#### WHAT YOU NEED TO DO
After removing every image, reproduce the data exactly as it appears.
==== RECORDED INFORMATION ====
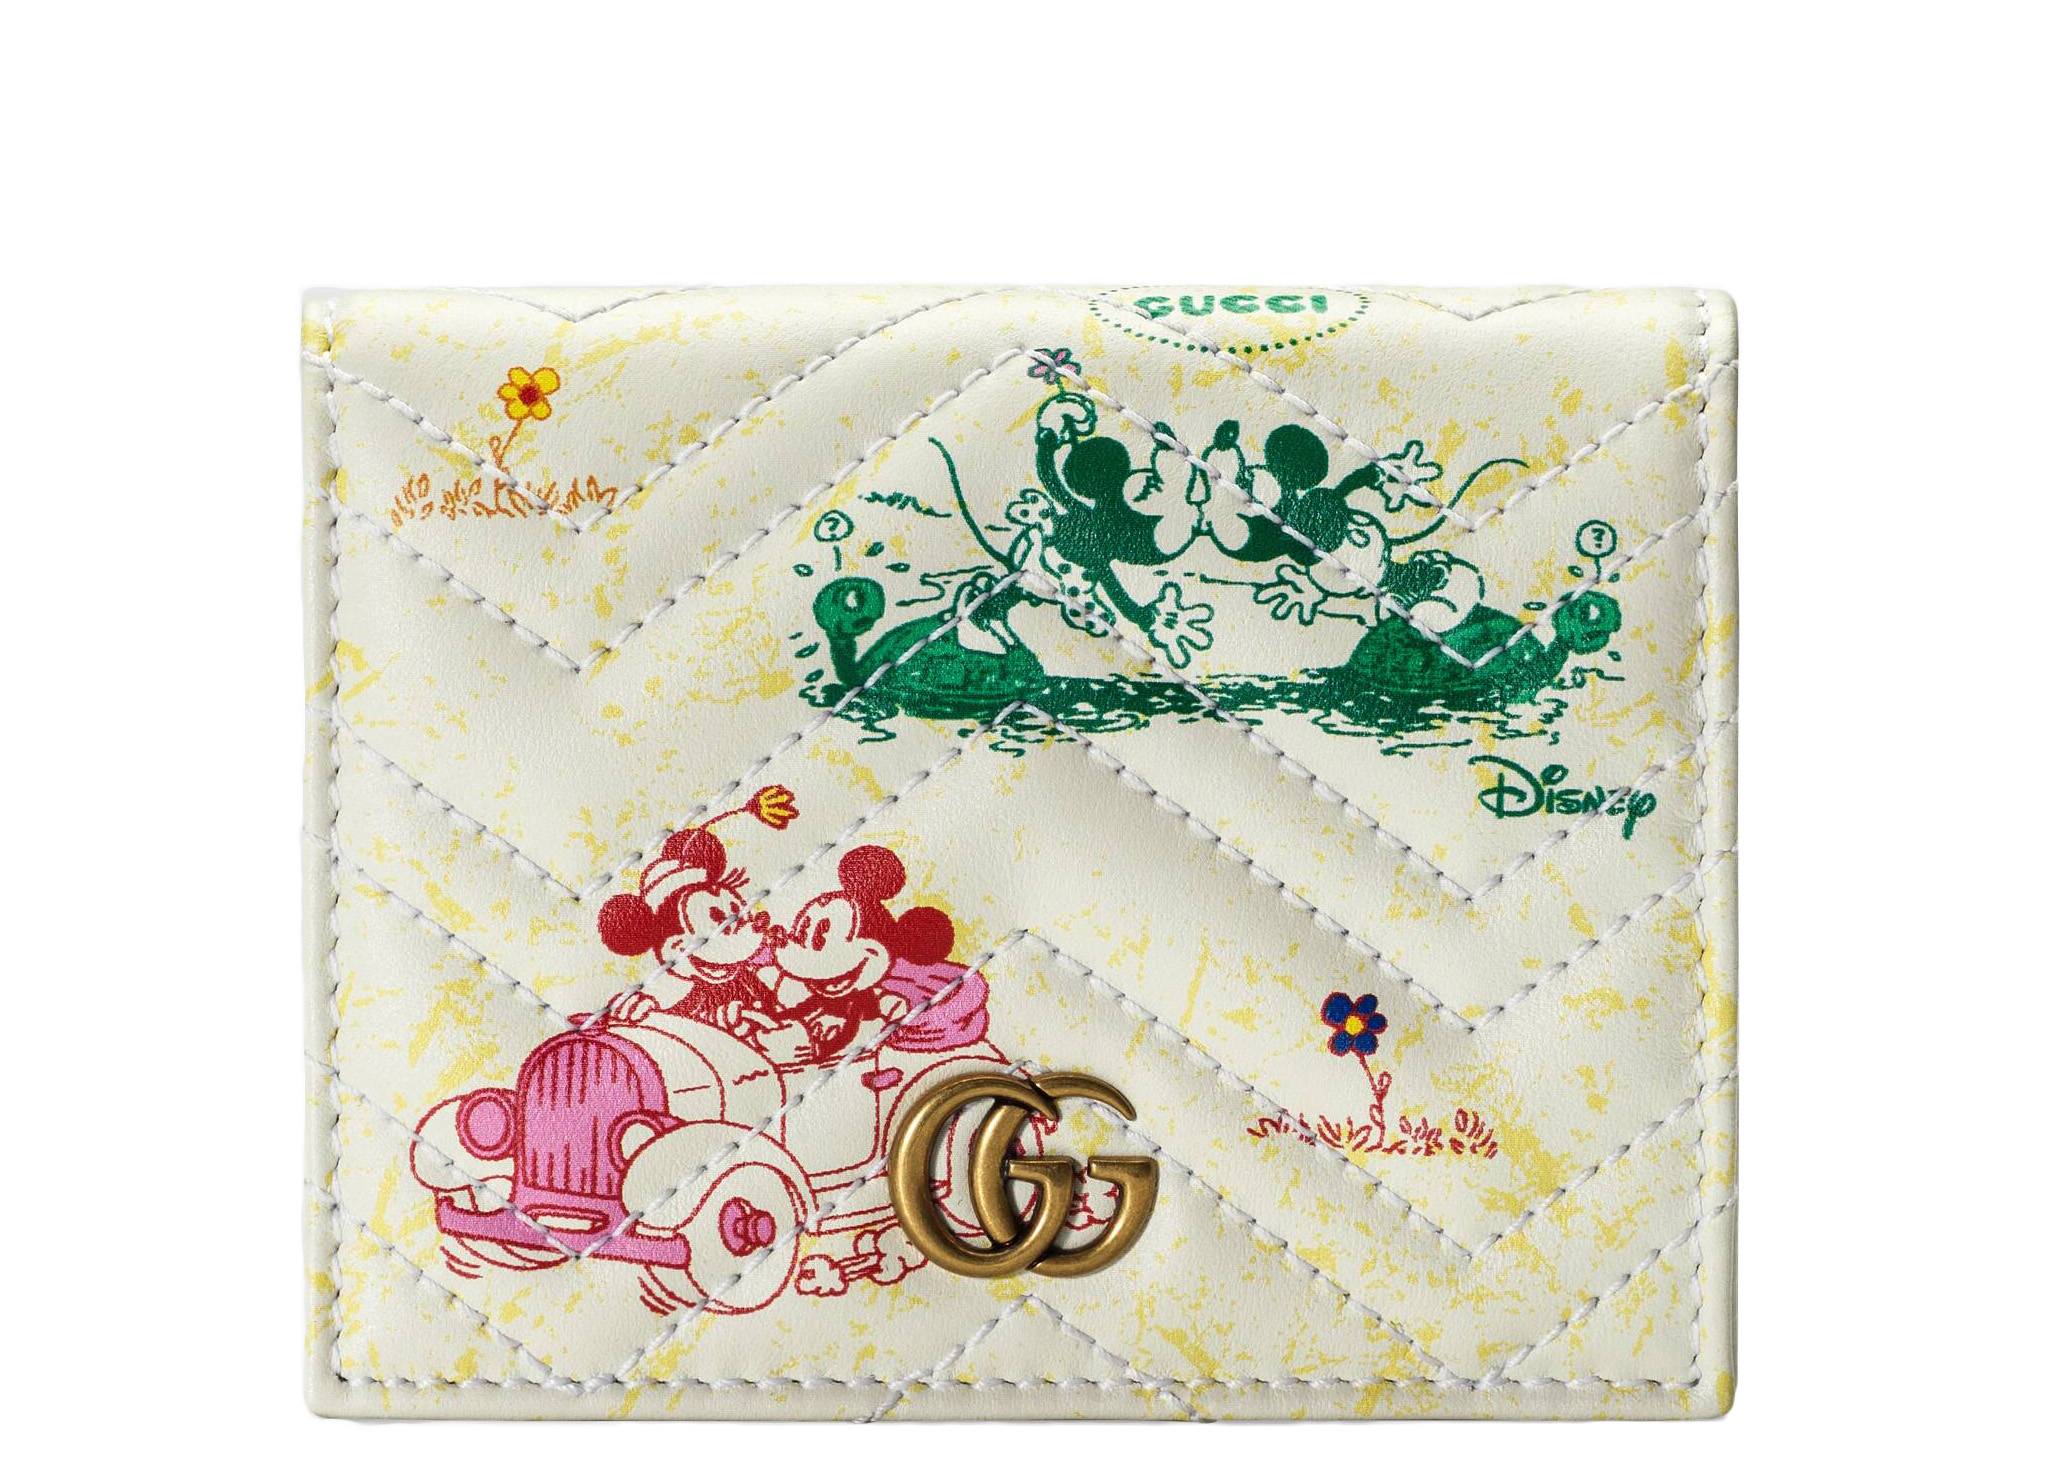 Gucci x Disney GG Marmont Card Case Wallet Matelasse Ivory in 
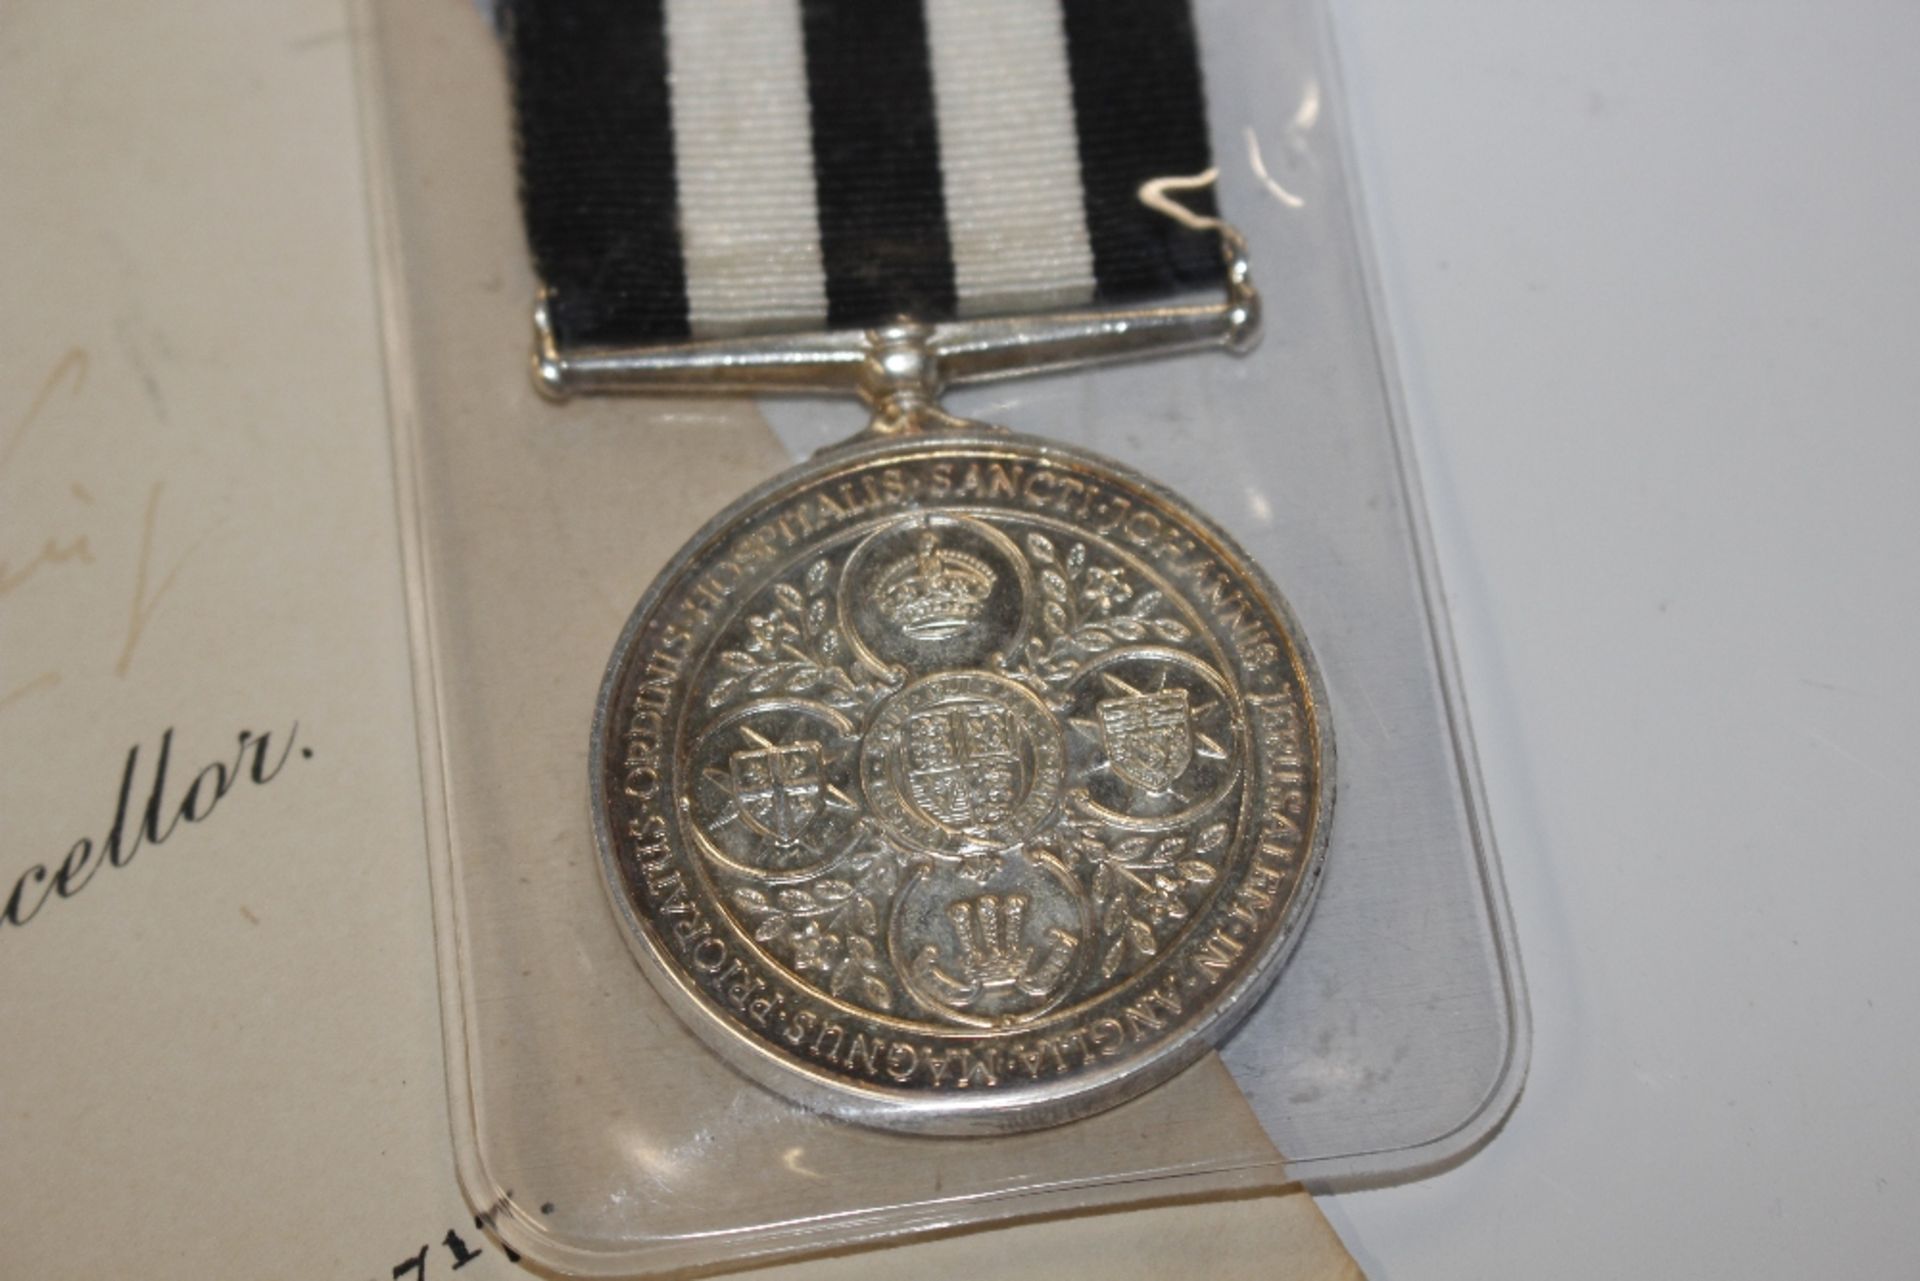 Order of St John's Service medal and scroll to Wal - Image 2 of 3
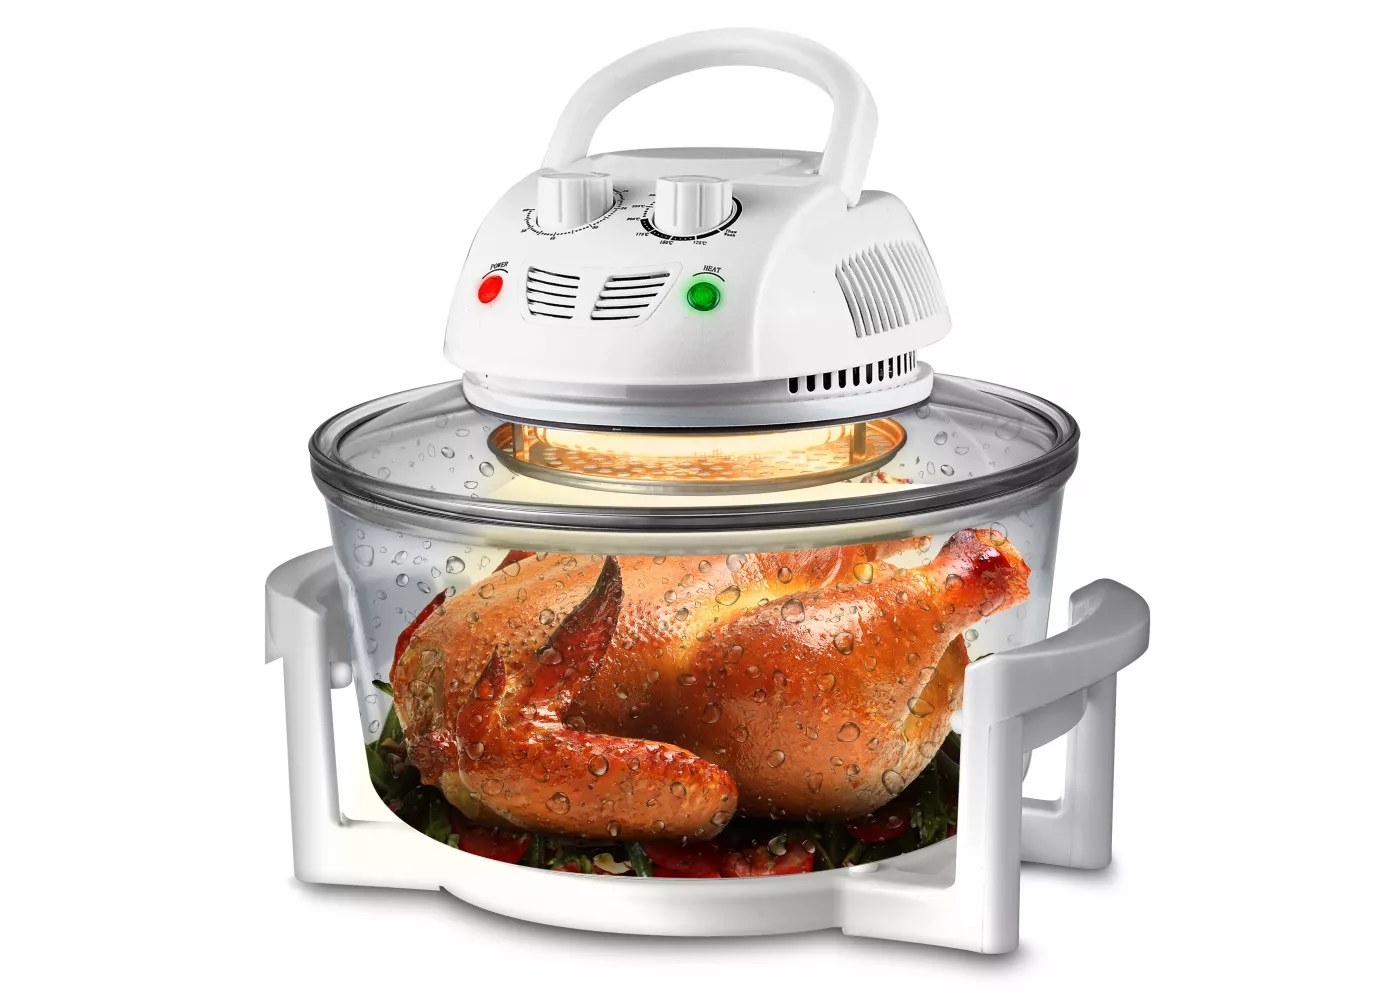 A chicken in an oven air fryer and convection cooker
====
#### RESPONSE AREA
 Gucci x Disney GG Marmont Card Case Wallet Matelasse Ivory in 
 Order of St John's Service medal and scroll to Wal - Image 2 of 3
 A chicken in an oven air fryer and convection cooker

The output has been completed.